Le gouvernement allemand a proposé une réforme importante de sa loi sur le renseignement, qui comprend des dispositions qui obligeraient l'Office fédéral de la sécurité de l'information (BSI) à partager des informations sur les vulnérabilités connues de jour zéro avec l'agence de renseignement étrangère, le Service fédéral de renseignement (BND).
Selon le projet de loi, les autorités publiques seraient autorisées à fournir au BND des informations, y compris des données personnelles, dès qu'il y aurait une indication concrète que ces données pourraient être pertinentes pour les opérations de renseignement à l'étranger. Le BSI, qui est légalement mandaté pour agir en tant qu'autorité centrale pour la sécurité de l'information au niveau national, serait explicitement tenu de coopérer avec le BND. Cette décision représente un changement fondamental dans l'approche de l'Allemagne en matière de politique de sécurité numérique, s'éloignant d'un modèle basé sur la confiance mutuelle vers un modèle caractérisé par une suspicion croissante et une intervention proactive.
Le projet de loi décrit une transformation complète de l'architecture de sécurité numérique de l'Allemagne, mettant l'accent sur des mesures actives pour faire face aux menaces dans le cyberespace. Il permet aux agences de renseignement d'opérer plus librement dans des domaines auparavant considérés comme protégés par les droits constitutionnels. En outre, le projet de loi suggère que des tiers peuvent de plus en plus être impliqués dans des actions d'enquête numériques menées par l'État. L'inclusion d'une obligation de coopération entre le BSI et le BND s'aligne parfaitement sur ce nouveau cadre, ce qui soulève des inquiétudes concernant l'utilisation abusive potentielle des vulnérabilités des infrastructures critiques.
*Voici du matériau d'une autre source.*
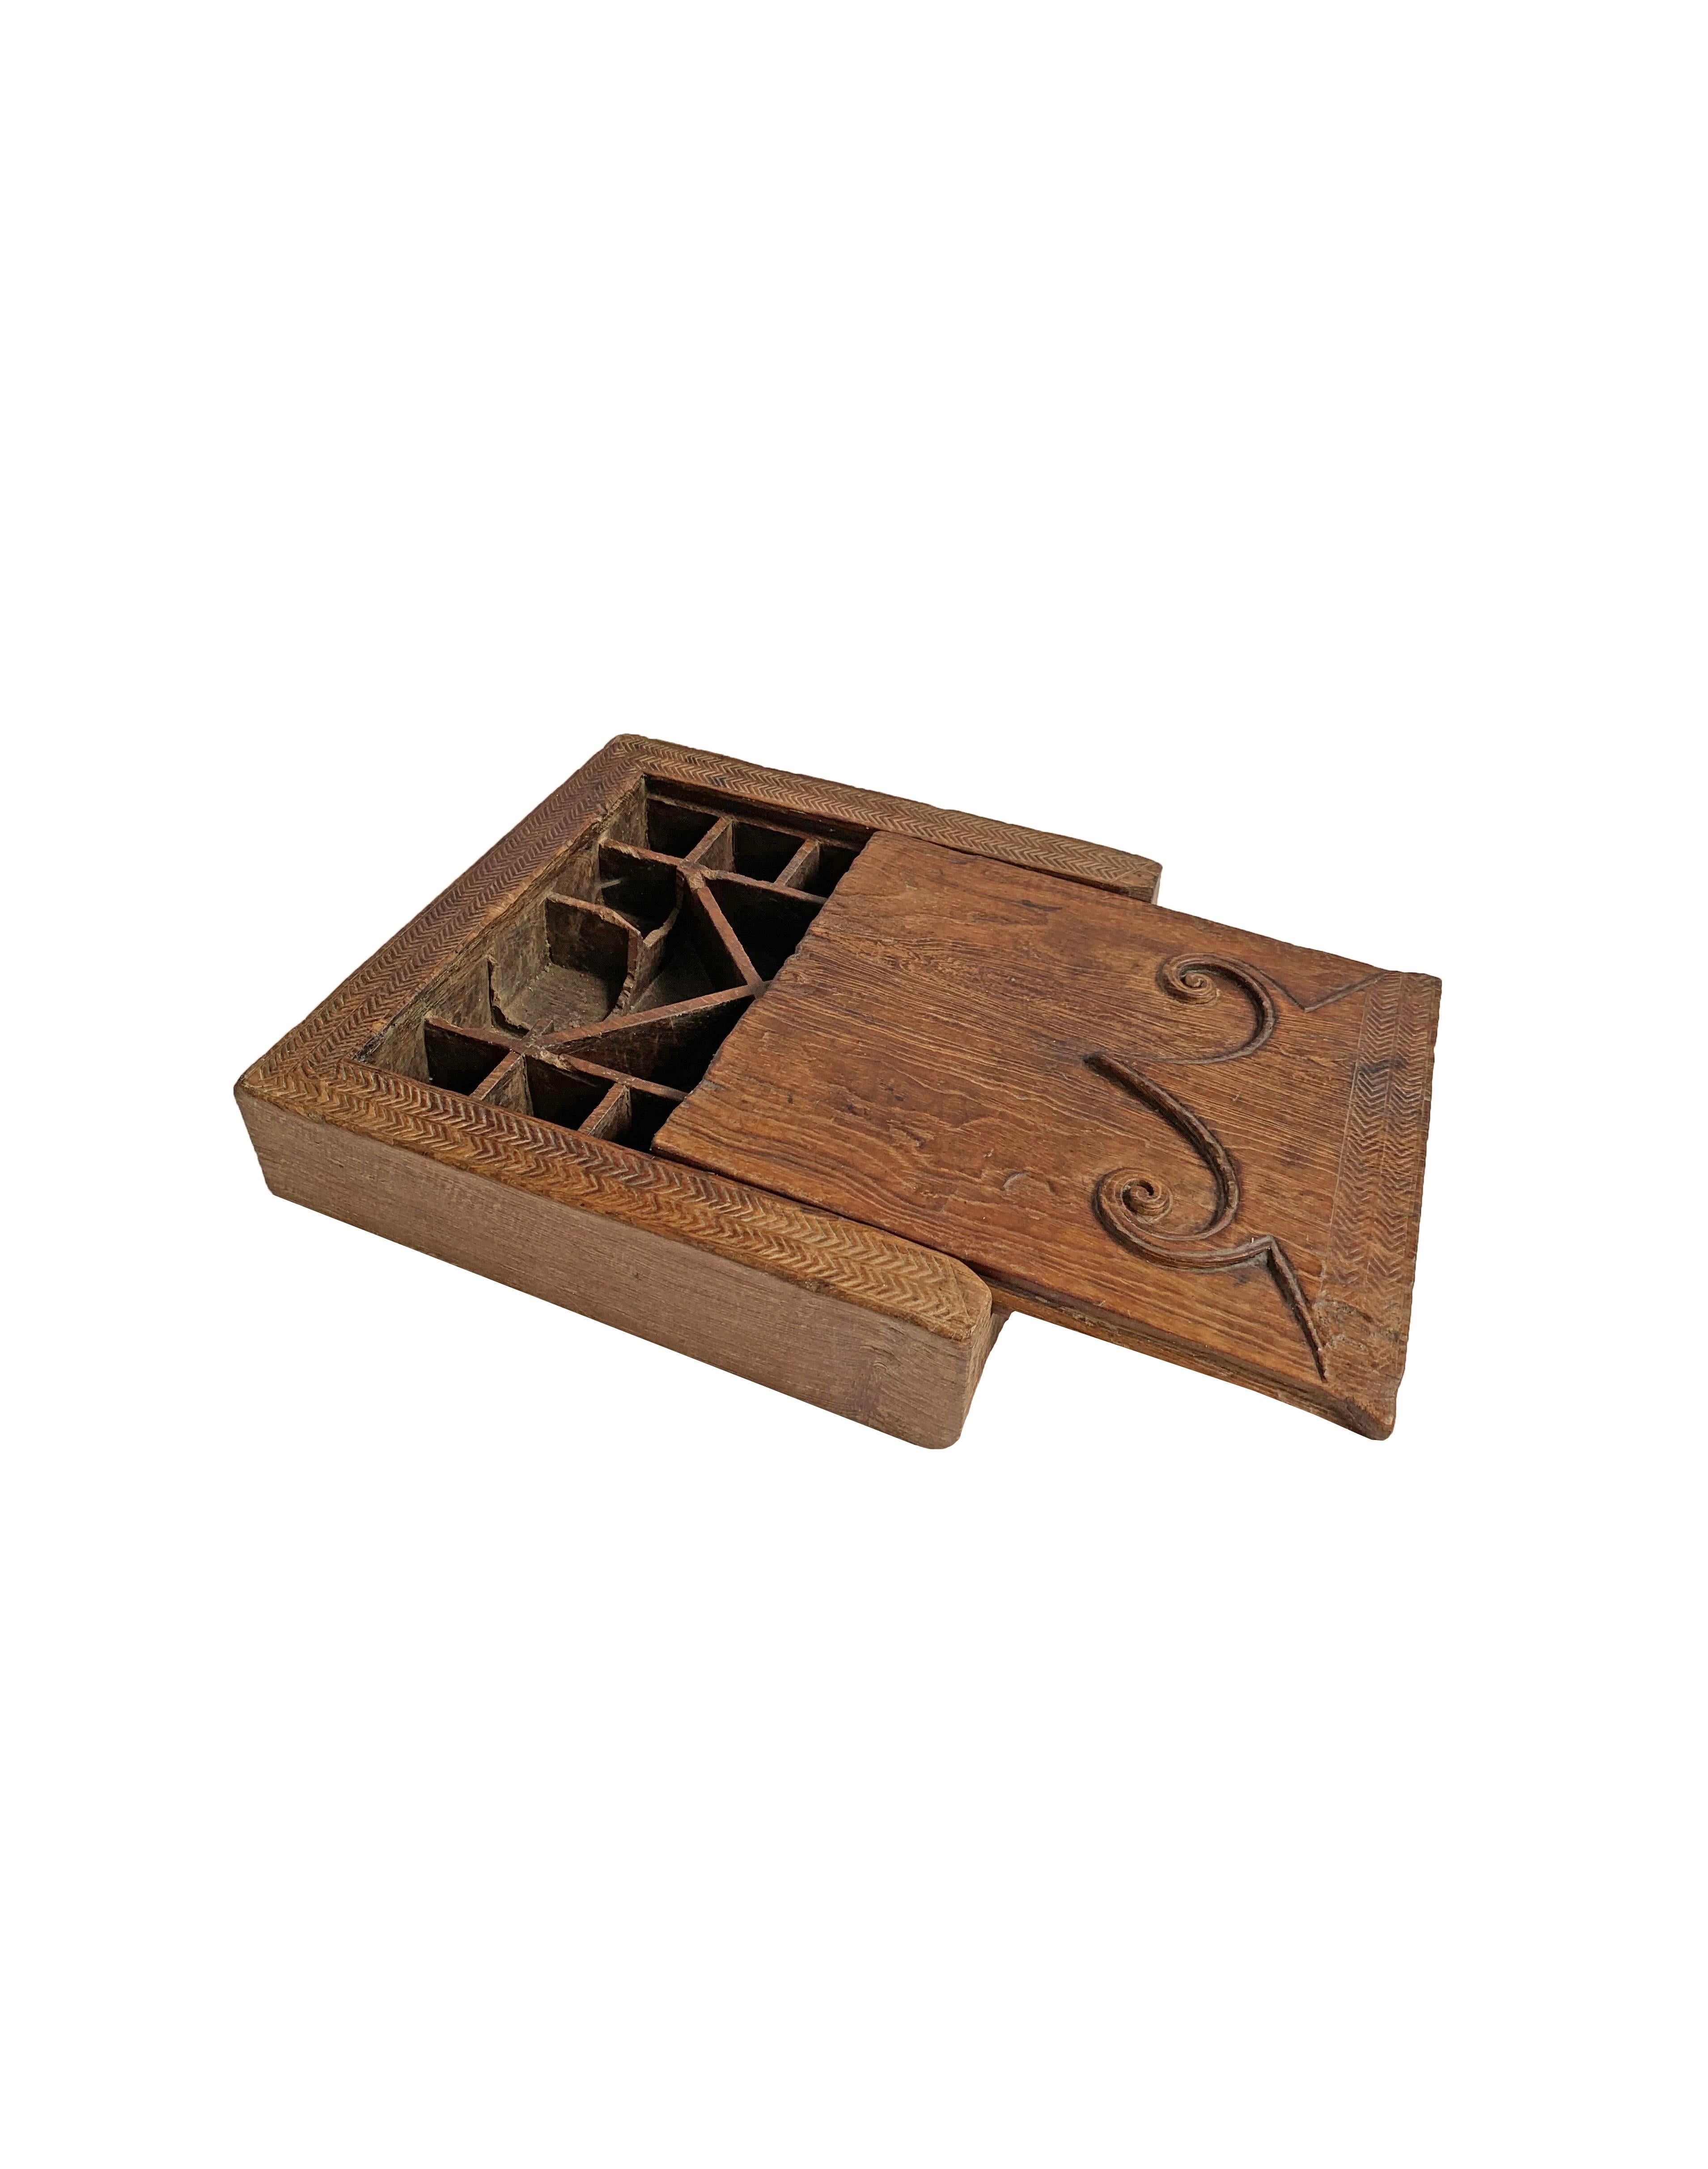 Cette boîte à épices provient de l'île de Nias, en Indonésie. Datant du début du XXe siècle, il a été fabriqué à partir d'un seul bloc de bois. Il est doté d'un couvercle coulissant, d'une élégante texture de bois et d'étonnantes gravures tribales

Les modifications proposées visent à utiliser la période entre la découverte d'une vulnérabilité, la notification aux fournisseurs de logiciels et le correctif éventuel de la faille à des fins de renseignement.
Si la BSI est perçue comme accordant la priorité aux opérations de renseignement par rapport à la correction rapide des vulnérabilités, cela pourrait dissuader les organisations et les chercheurs de signaler les failles nouvellement découvertes. Cela pourrait entraîner une augmentation des vulnérabilités non corrigées au sein des infrastructures critiques, en particulier à une époque où les tensions géopolitiques et les menaces hybrides augmentent. La perte de confiance entre la BSI et la communauté de la sécurité informatique pourrait entraîner une réduction de la collaboration, affaiblissant finalement les défenses du pays contre les cyberattaques. Le projet introduit également de vastes modifications juridiques sans preuve claire des avantages de sécurité correspondants.
Alors que le ministère cite l'augmentation des menaces comme justification de l'élargissement des pouvoirs de surveillance, les opposants soutiennent que de telles mesures risquent d'éroder davantage les libertés numériques.
Par exemple, si un service de renseignement découvre des logiciels malveillants dans l'infrastructure d'un attaquant avant que les forces de l'ordre ne puissent réagir, il serait autorisé à prendre des contre-mesures immédiates plutôt que d'attendre les processus juridiques traditionnels.
Les entités publiques seraient tenues de transmettre des informations liées à la sécurité au BND aux premiers stades d'une attaque, parfois même automatiquement. La raison en est que le BND, en raison de ses activités de surveillance stratégique des communications, peut mieux contextualiser les incidents isolés dans un cadre global plus large, permettant une détection plus précoce des menaces.
En ce qui concerne les exploits de jour zéro - les vulnérabilités sans correctifs disponibles - l'IMC soutient que ce délai peut être utilisé pour le travail crucial du BND. Les retards dans la résolution de ces problèmes réduiraient considérablement leur applicabilité. Cela mettrait le BSI dans une position difficile, car il serait nécessaire de donner la priorité aux opérations de renseignement sur la fermeture rapide des lacunes de sécurité, contrairement à l'intention initiale du gouvernement de coalition. Financièrement, l'initiative marque une expansion substantielle des capacités cybernétiques, indiquant un engagement à améliorer la portée opérationnelle du BND.
Cependant, l'étendue des mécanismes de surveillance reste limitée, les responsabilités de contrôle étant consolidées sous le Conseil indépendant de contrôle (UKRat), qui pourrait exercer une surveillance préliminaire similaire à celle d'un tribunal, mais avec une portée limitée.